Others above have suggested that you can't compare apples to oranges. The website you're offering is an author service, so the FB groups of authors retweeting each other would be the right audience for this kind of service. These are authors looking for ways to promote their books and get them out in the wild in whatever fashion they can, especially for free. This audience is not an engaged one for the typical book promotion. Perhaps folk offering book cover design, editing and formatting might find an author echo chamber more worthwhile than book promos.
________

I appreciate only exposure is promised. Fair enough. But in the internet age especially with FREE and 99¢ books we know what a fallacy the need for multiple exposure is for marketing short-term sales and impulse buys/downloads. And those who have said $5.50 isn't much to drop on a service to try them out are right -- if it were only the one service. But there are hundreds (thousands?) of these types of services out there. $5 here, $5 there adds up to a mortgage payment pretty quickly...

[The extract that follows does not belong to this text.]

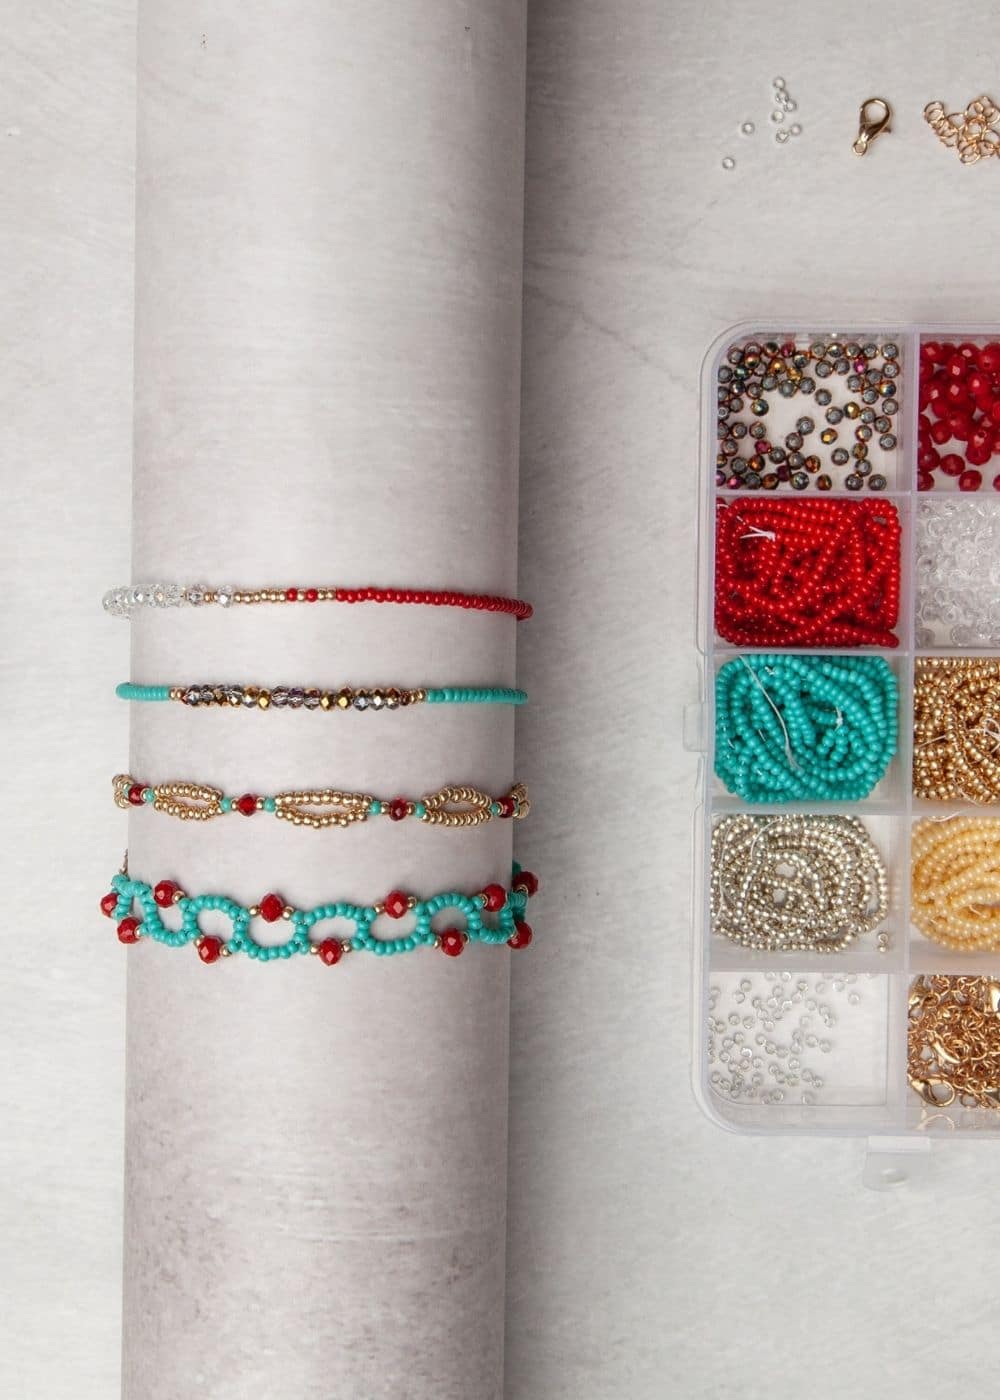 A set of bracelets and beads on a table.

Now I can spend $55 on 10 gigs like this to hit the 10-exposure threshold claimed (although conventionally the claim is 7 exposures). Except, of course, the union of all those gigs where the same people see all 10 ads is likely to be nil, so theoretically for the money, I wouldn't yet be getting any sales or downloads for that $55. Or I can spend that $55 for ads on sites that I personally wouldn't recommend using because of the low ROI, yet still come out ahead even if I only get 10 sales or 100 downloads.

When we push to vet a service and ask questions here, it's not just the gig in question we're trying to vet, but to look at the service in holistic relationship to everything out there competing for the authors' marketing dollars.


----------



## Betsy the Quilter (Oct 27, 2008)

dgaughran said:


> and the mods really need to stop shielding providers from tough questions - they seem to have their approach backwards on this whole issue).


David,

I've repeatedly said on our forum that tough questions are fine as long as they are civil. No questions OR comments have been removed from this thread, though a couple of comments early on nearly crossed the civility line.

Your insights are always appreciated--as long as civilly posted (as they were). Thanks.

Betsy


----------



## Guest (Jun 13, 2015)

All right! I'm ready to review your service. I received 10 downloads of my free ebook. 

BKnights usually leads to more than 100 downloads for the same amount of money.


----------



## Kathleen Ball (Aug 23, 2013)

drno said:


> All right! I'm ready to review your service. I received 10 downloads of my free ebook.
> 
> BKnights usually leads to more than 100 downloads for the same amount of money.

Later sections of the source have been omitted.